Kuş cıvıltılarıyla uyanmak herkesi mutlu etse de bu sabah Allison 'ı mutlu etmişe benzemiyordu. Allison bitkin bir şekilde yatağından kalktı , derin bir nefes alarak pencerenin önünde durdu. Pencereden dışarı bakarken gözleri Lucas'ın babasına zorla yaptırdığı rengarenk kuş yuvalarına takıldı.Yüzünü hüzünlü bir tebessüm kapladı daha önce kendini bu kadar çaresiz hissetmemişti.
Allison gözyaşlarını silerek odasında ki küçük banyosuna yöneldi. Hızlı bir şekilde hazırlandı , omuzlarından dökülen altın buklelerini gelişi güzel şekilde topladı ve ayna da ki yorgun yüzüne baktı. Hiçbir genç kız aynanın karşısında bu kadar mutsuz görünemezdi.Odasından çıkmadan önce son bir kez dikkatlice odasına baktı ve kapısını kapattı. Merdivenlerden inerken gözleri duvarda ki bir fotoğrafa takıldı. Bu fotoğrafın çekildiği anı annesinden defalarca dinlemişti.
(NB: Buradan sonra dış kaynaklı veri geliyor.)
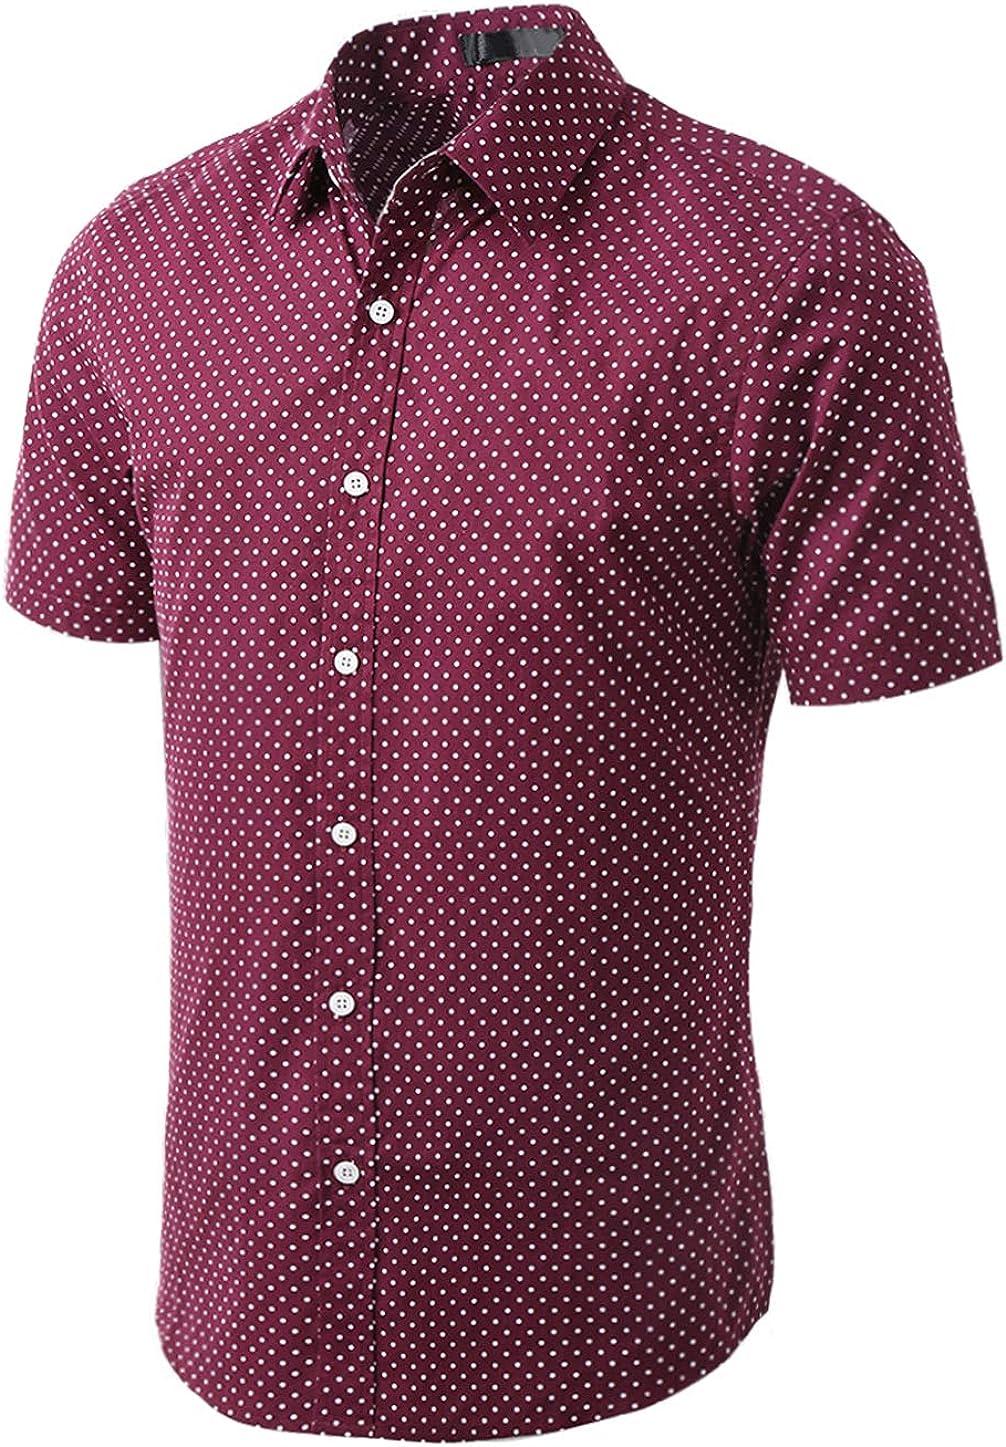 uxcell Men's Printed Cotton Dress Short Sleeves Polka Dots Button Down Shirt

Her seferinde ilk kez dinlermiş gibi heyecanlanırdı ve babasının yüzüğü annesine uzattığı an da ki mutluluklarını hayal etmeye çalışırdı. Annesi anlatırken bile aynı büyük mutluluğu yaşardı. Yanaklarından süzülen gözyaşları ona ailesini bir daha hiç göremeyeceğini hatırlattı. Hıçkırıklara boğulmak üzereyken bir ses onu kendine getirdi.
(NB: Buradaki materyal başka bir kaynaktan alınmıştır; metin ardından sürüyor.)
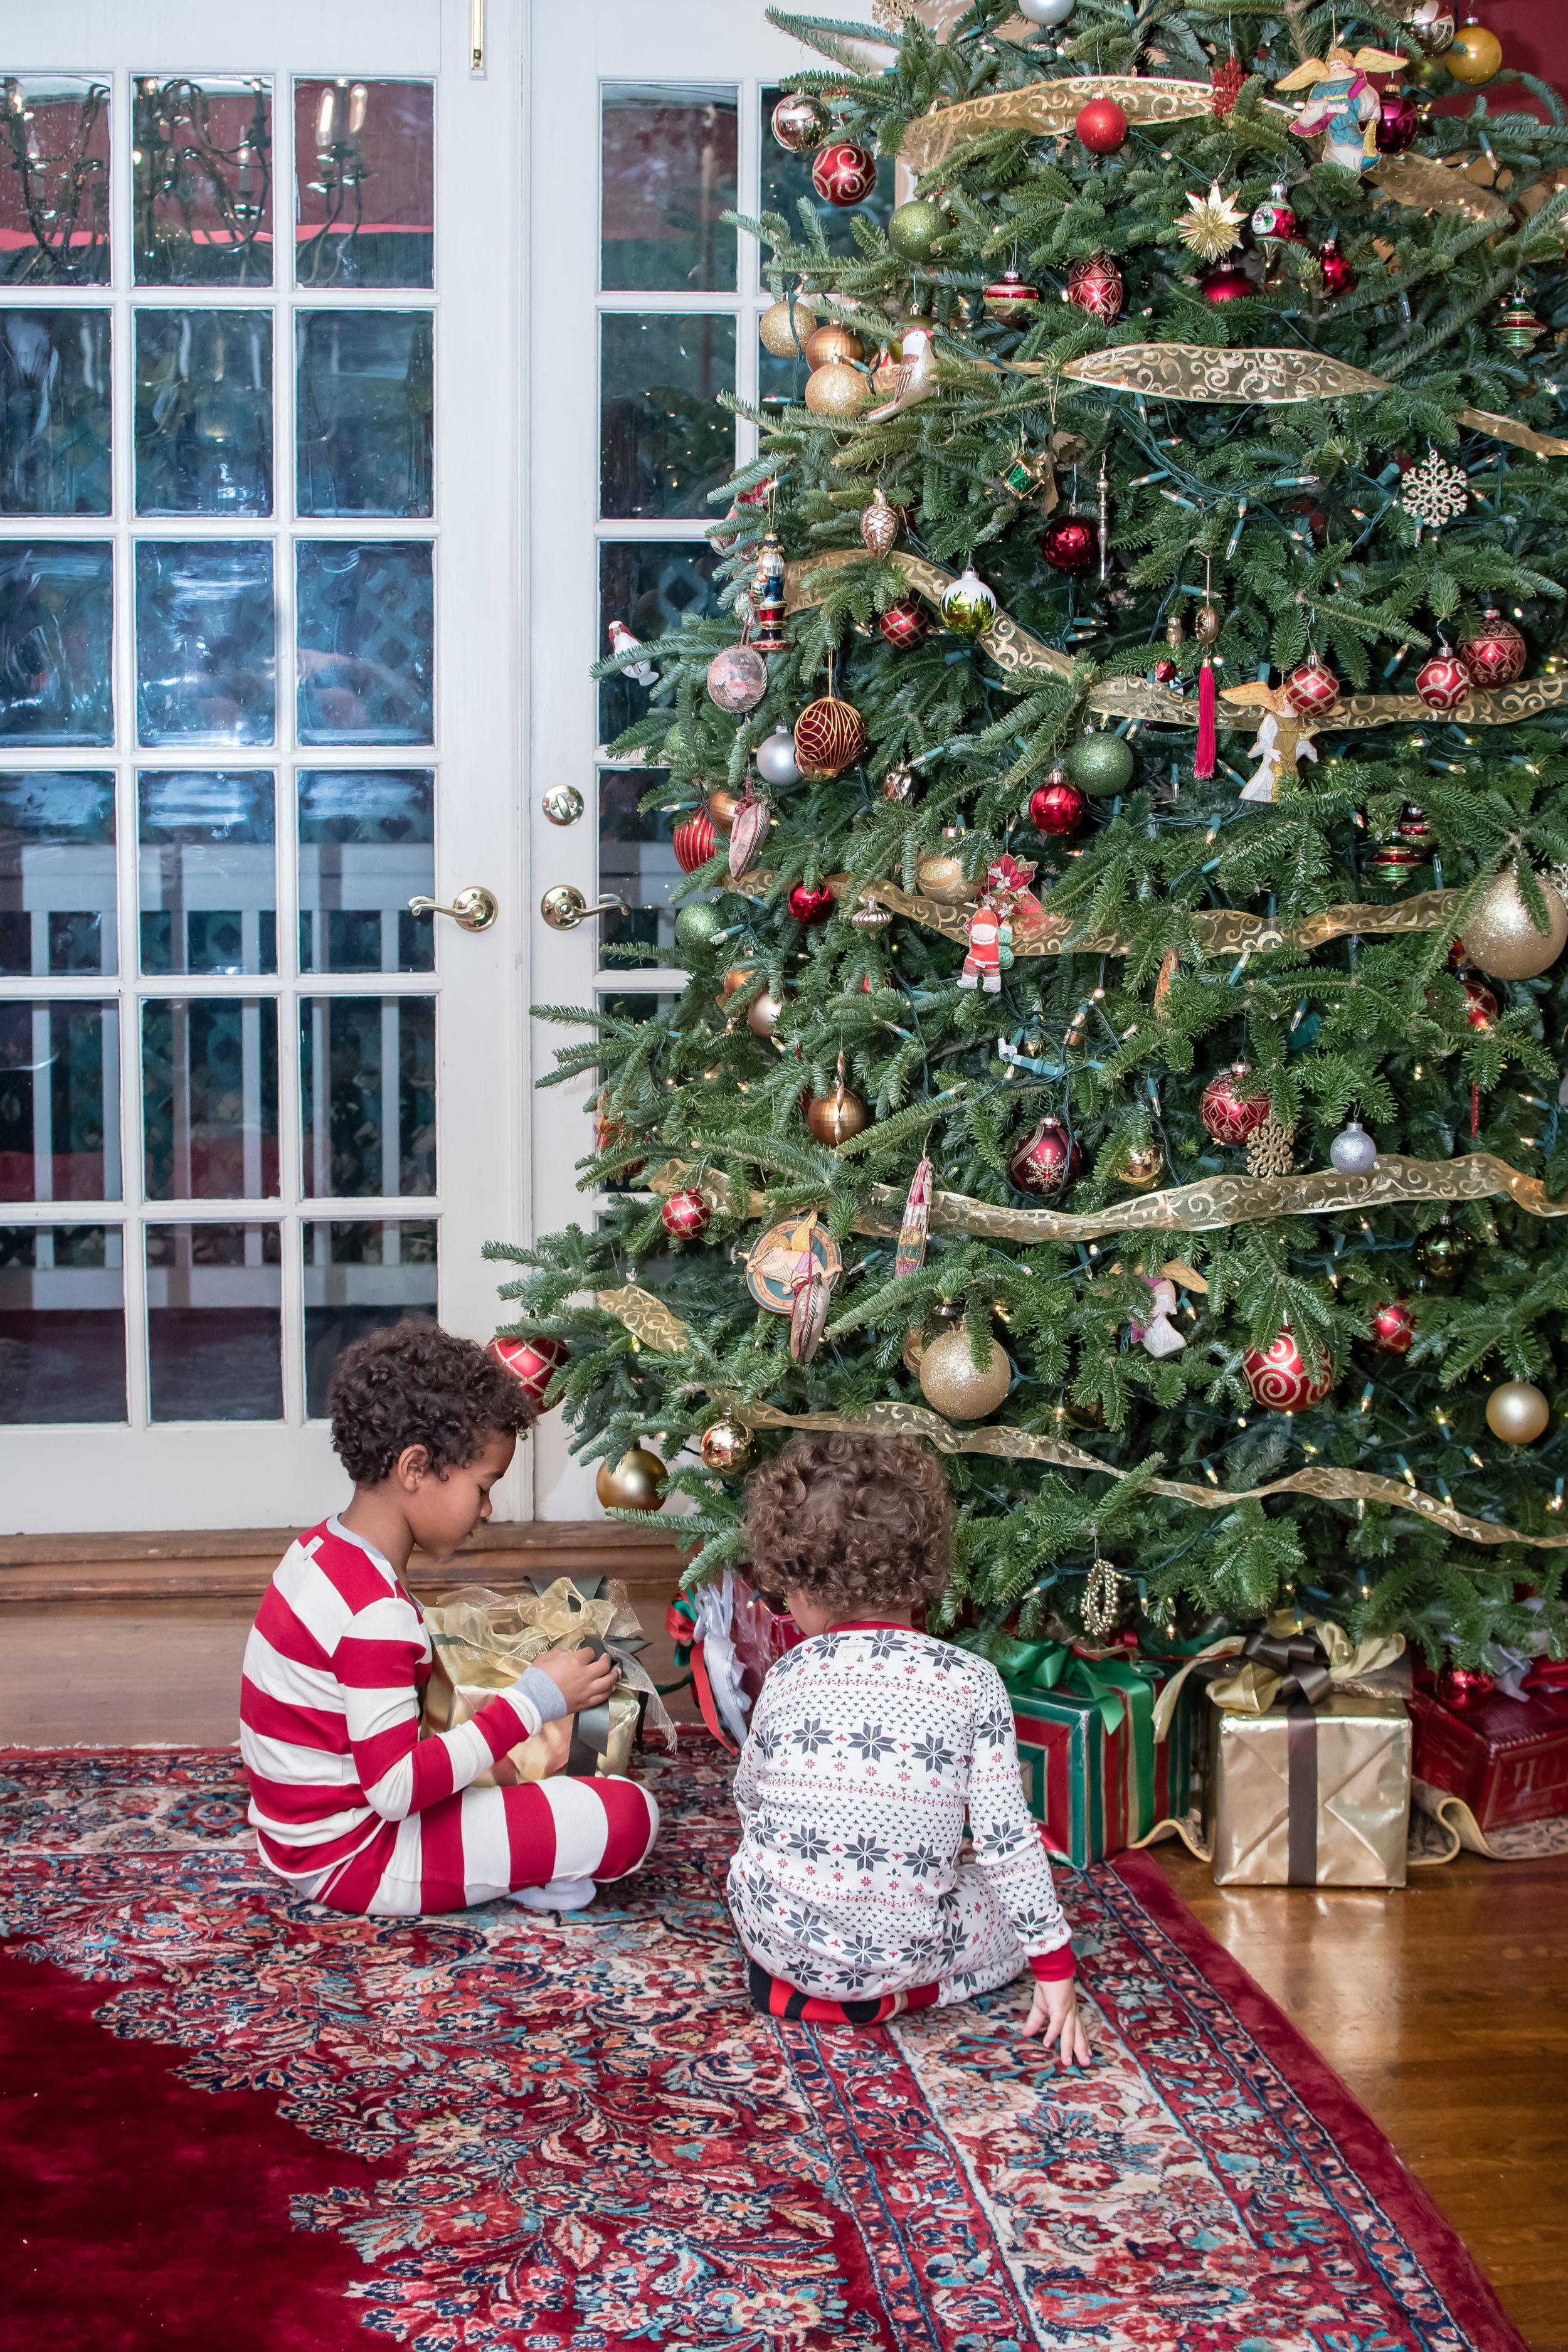 kids opening presents by the Christmas tree on Christmas Day Orlando Photographer Yanitza Ninett

" Tatlım kahvaltı hazır , uçağın kalkmasına iki saat kaldı acele etmeliyiz. "
Bu ses annesinin en yakın arkadaşı Peyton'ın sesiydi. Allison gözyaşlarını sildi , hafifçe boğazını temizledi ve cevap verdi.
" Geliyorum. "Mutfakta sessizlik hakimdi Peyton ağlamamak için Allison ile göz göze gelmekten çekiniyordu. Peyton peynirli omletleri masaya koyarken ürkek bir çocuğa benziyordu.Boğazını temizledi ve bahçe kapısına yöneldi.
" Dean , lena kahvaltı hazır."
" Geliyoruz hayatım."
Dean Peyton'ın eşiydi Lena ise Allison 'nın küçük kız kardeşiydi.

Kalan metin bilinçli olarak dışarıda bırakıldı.